I have a very large distance matrix (3678 x 3678) currently encoded as a data frame. Columns are named "1", "2", "3" and so on, the same for rows. So what I need to do is to find values <26 and different from 0 and to have the results in a second dataframe with two columns: the first one with index and the second one with the value. For example:
value
318-516 22.70601
...
where 318 is the row index and 516 is the column index.

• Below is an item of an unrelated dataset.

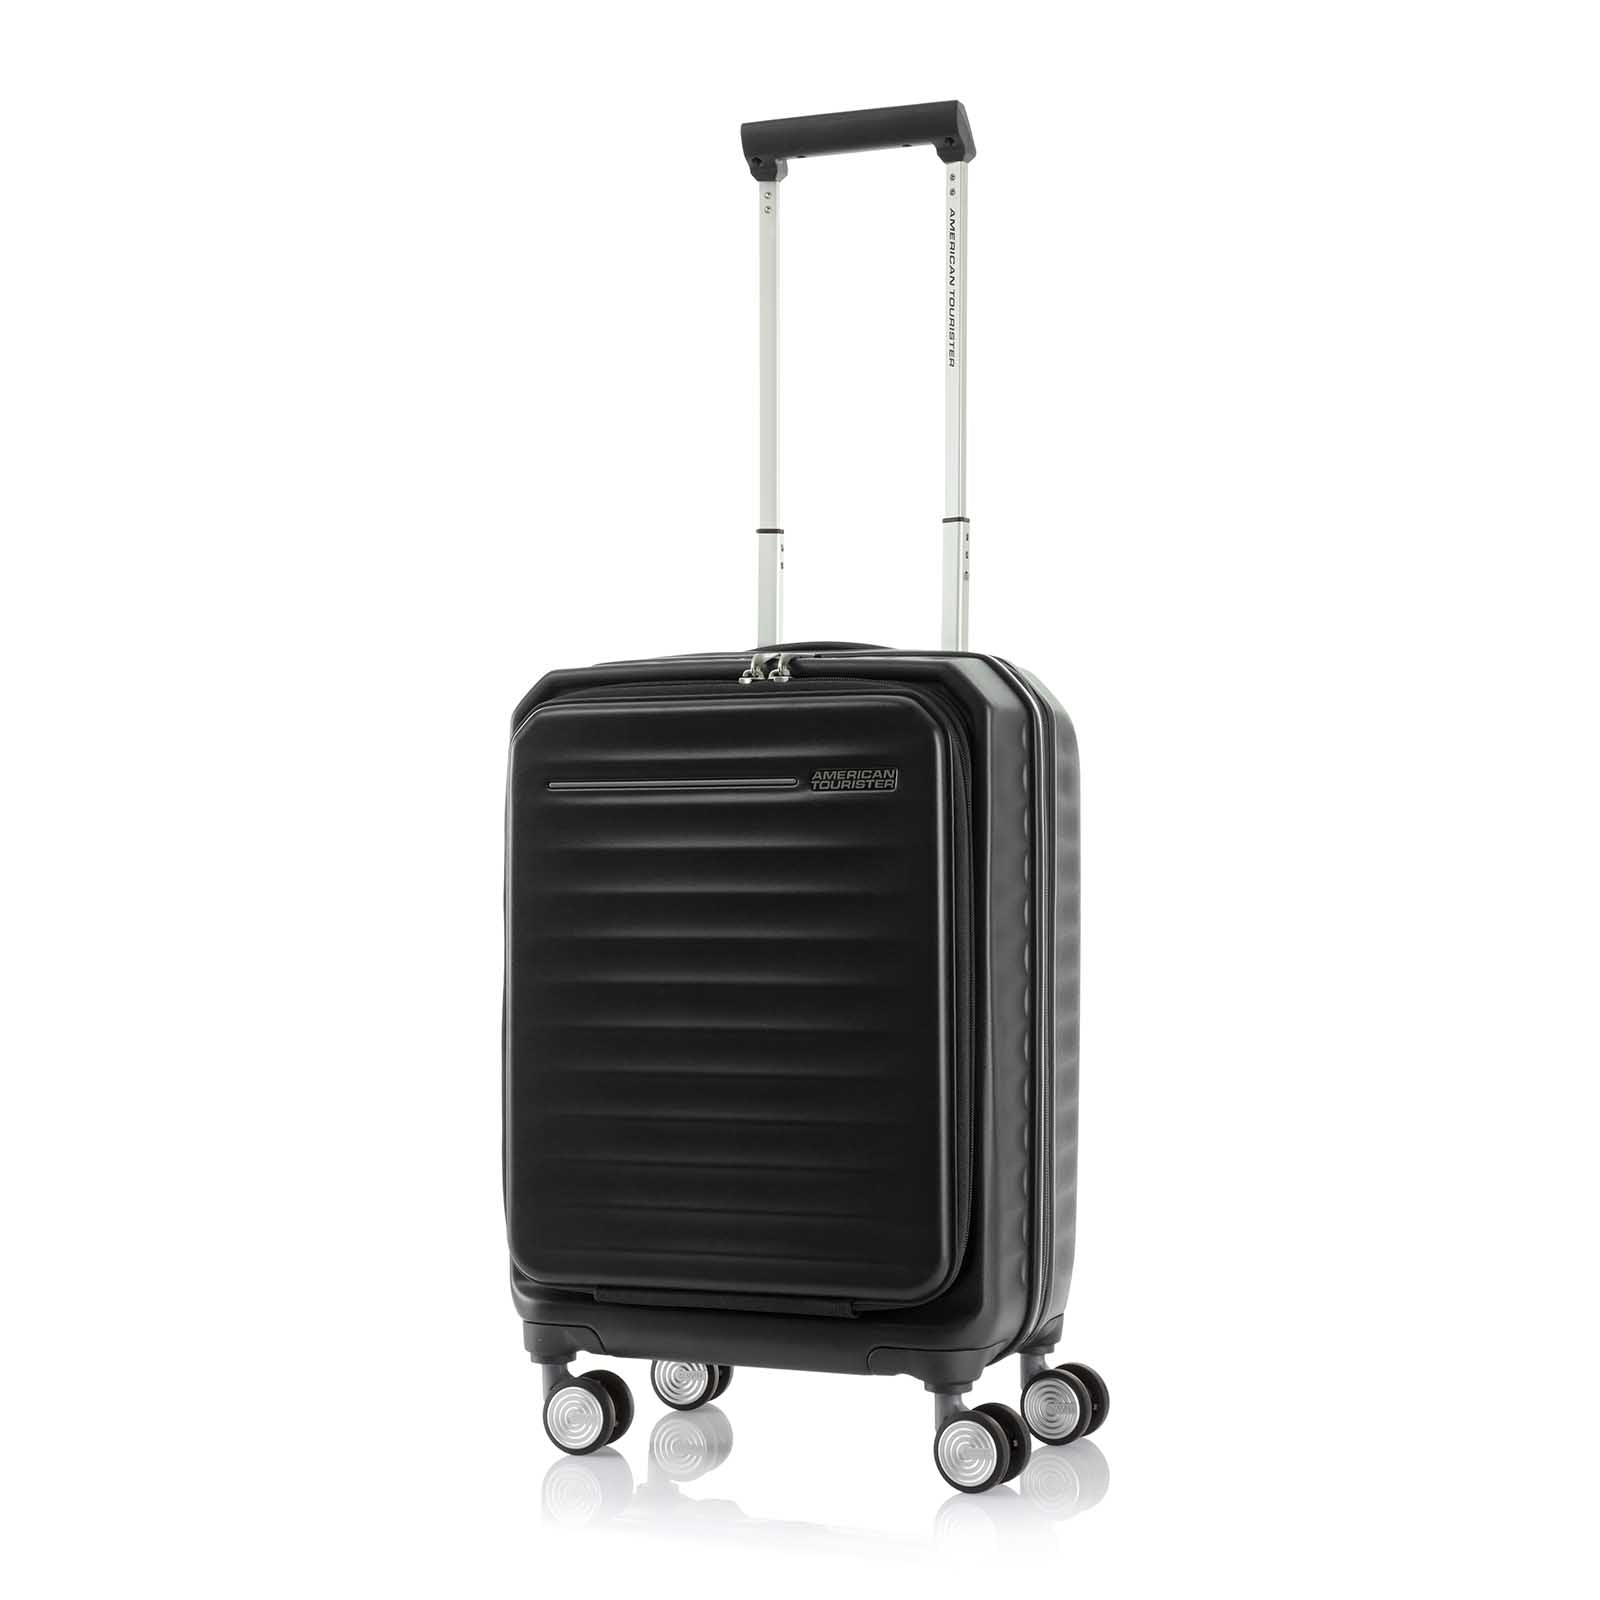 American-Tourister-Frontec-54cm-Suitcase-Jet-Black-Front-Angle

Ok, I'm trying to recreate your situation (note: if you can, it's always helpful to include a few lines of your data with a dput
command).
You should be able to use filter
and some simple tidyverse commands (if you don't know how they work, run them line by line, always selecting commands up to the %>%
to check what they are doing):
library(tidyverse)
library(tidylog) # gives you additional output on what each command does
# Creating some data that looks similar
data <- matrix(rnorm(25,mean = 26),ncol=5)
data <- as_tibble(data)
data <- setNames(data,c(1:5))
data %>%
mutate(row = row_number()) %>%
pivot_longer(-row, names_to = "column",values_to = "values", names_prefix = "V") %>%
# depending on how your column names look like, you might need to use a separate() command first
filter(values > 0 & values < 26) %>%
# if you want you can create an index column as well
mutate(index = paste0(row,"-",column)) %>%
# then you can get rid of the row and column
select(-row,-column) %>%
# move index to the front
relocate(index)